# workout training - resistance bands



## knightRider (Dec 31, 2014)

Anyone else use these as part of their workout?
Are they beneficial?

I ordered some to use for shadow boxing training, but cannot bring myself to use them in the gym, as people will think I am weird :nerd:
Thinking I'll use them at home after a run..


----------



## EllisRedding (Apr 10, 2015)

I typically use resistance bands for stretching.


----------



## eric1 (Apr 10, 2015)

knightRider said:


> Anyone else use these as part of their workout?
> 
> Are they beneficial?
> 
> ...



They are one of the best way to isolate the lats. I don't personally use them for anything else.

I also use them in warmups for snatching. It helps me get the right feel for 'bending' the bar.

I use them a TON for stretching. (Kelly Starett probably has some you tubes on them for stretching / mobility)


Sent from my iPhone using Tapatalk


----------



## EllisRedding (Apr 10, 2015)

eric1 said:


> They are one of the best way to isolate the lats. I don't personally use them for anything else.
> 
> I also use them in warmups for snatching. It helps me get the right feel for 'bending' the bar.
> 
> ...


When my knees get a little achy from squatting I will use voodoo floss per Starett which helps a lot.


----------



## Kivlor (Oct 27, 2015)

knightRider said:


> Anyone else use these as part of their workout?
> Are they beneficial?
> 
> I ordered some to use for shadow boxing training, but cannot bring myself to use them in the gym, as people will think I am weird :nerd:
> Thinking I'll use them at home after a run..


Nope. I've stuck to heavy compound lifts with some occasional running / swimming. I could definitely see the use, especially in stretches.


----------



## EnigmaGirl (Feb 7, 2015)

I don't care for workout bands because while they're fine for concentric contraction, they don't work well for eccentric contraction unless you remember to squeeze everytime on the way down. When you have weight in your hands, you just get a better contraction on the down.

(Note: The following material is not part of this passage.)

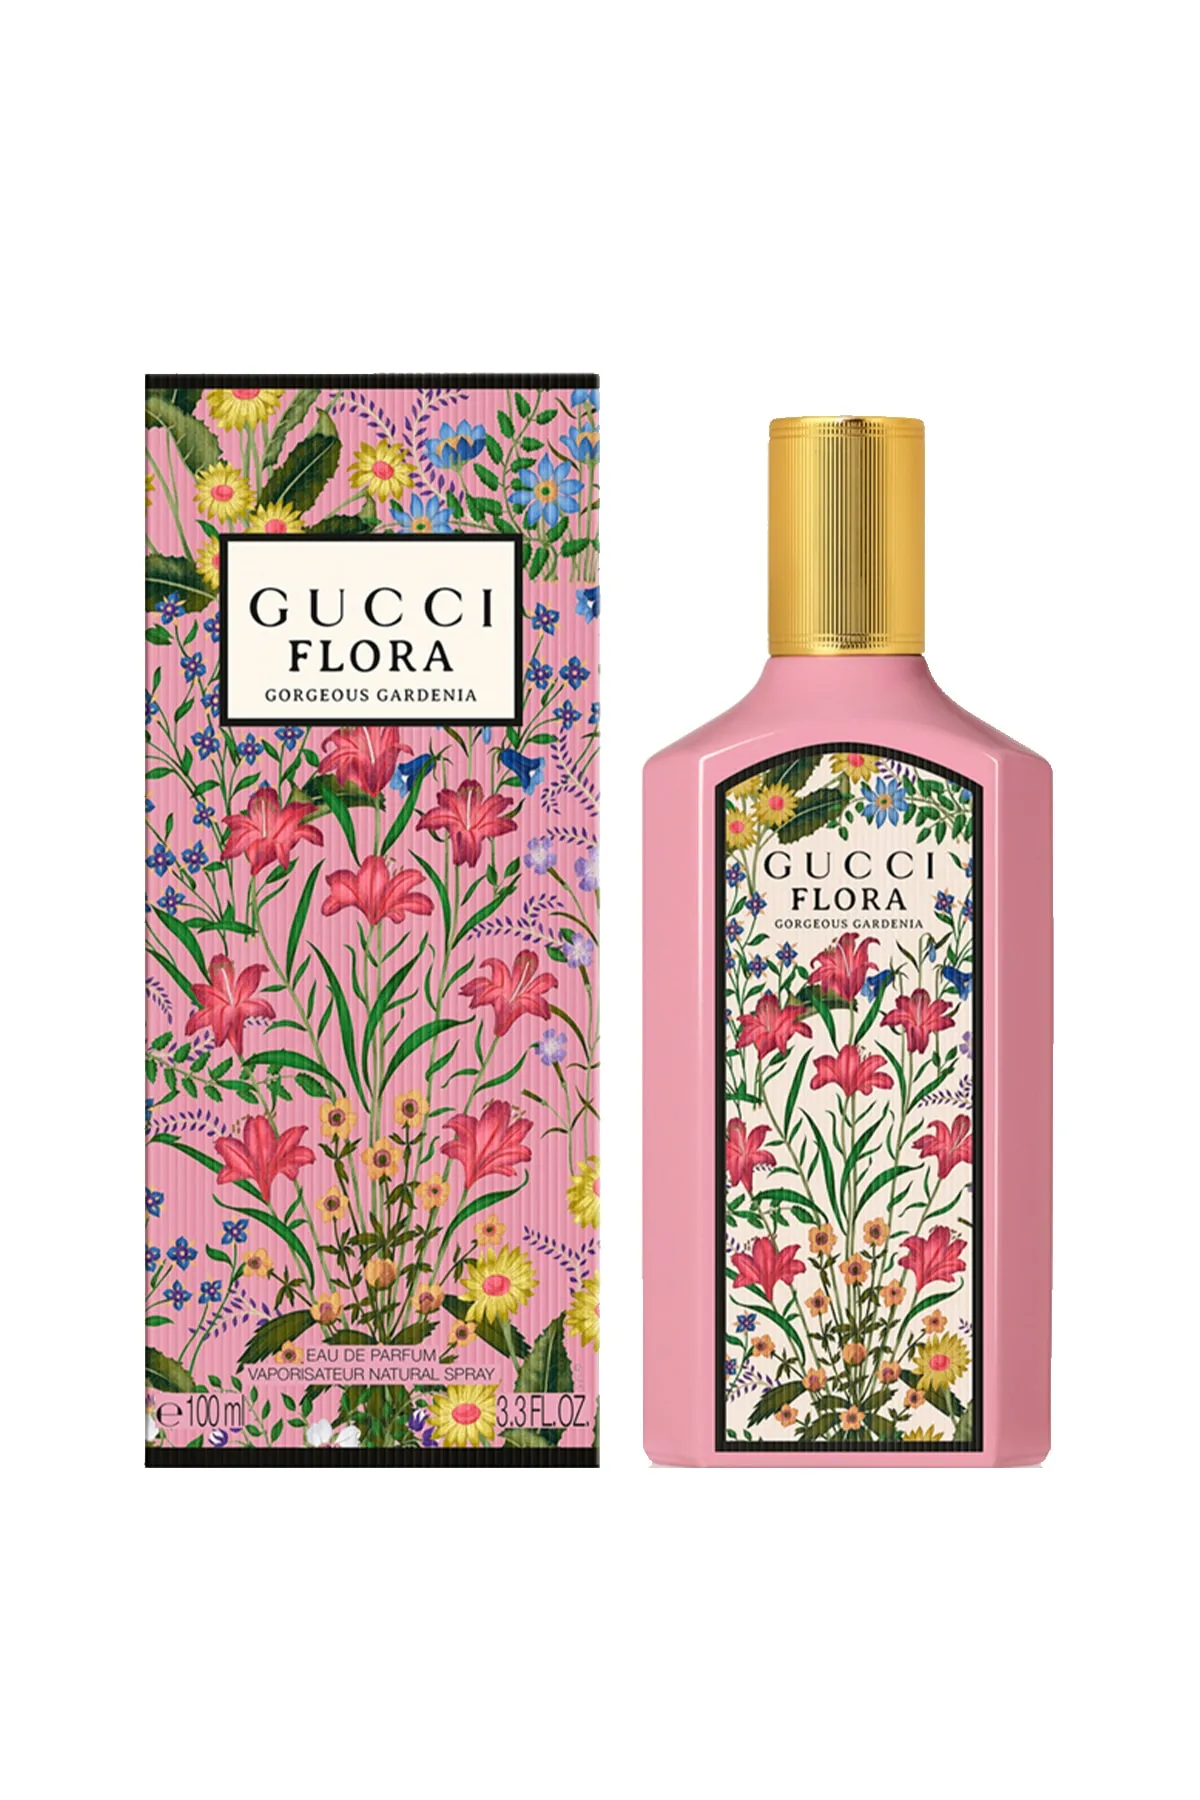 Gucci Flora Gorgeous Gardenia Edp 100 ml - 1

I do use bands when I travel though cause they're light and don't take up a lot of room and you can fasten them over a door. And I like them for hip and thigh exercises.

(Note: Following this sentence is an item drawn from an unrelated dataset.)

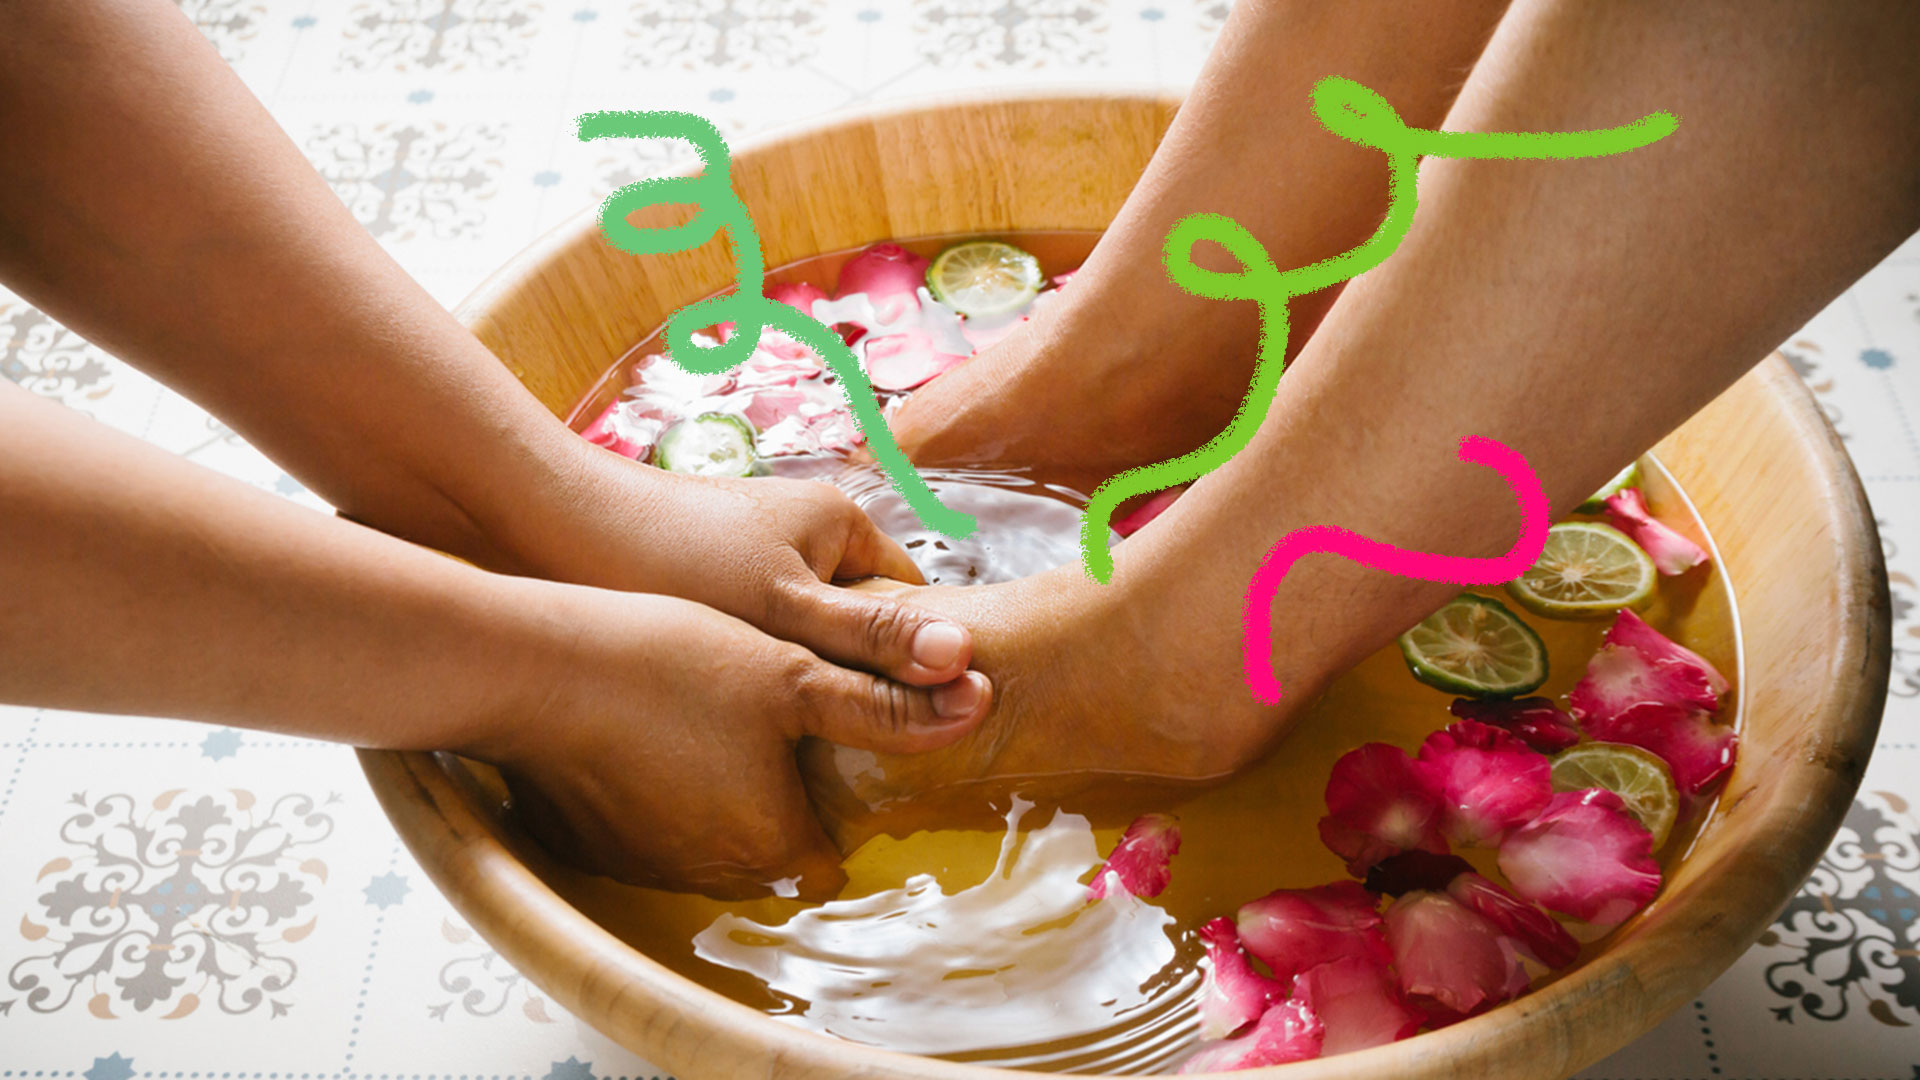 Uma bacia com ervas, flores e água quente. Mãos fazendo massagem nos pés.

Personally though, at the gym, I'd be using weight if I had a choice...just more effective.


----------



## naiveonedave (Jan 9, 2014)

baseball pitchers and baseball players in general use them to warm up their arms prior to throwing. When used correctly, they are also used by baseball folks as a secondary method of building arm muscles around the key joints in the shoulder and elbow to help prevent injury.


----------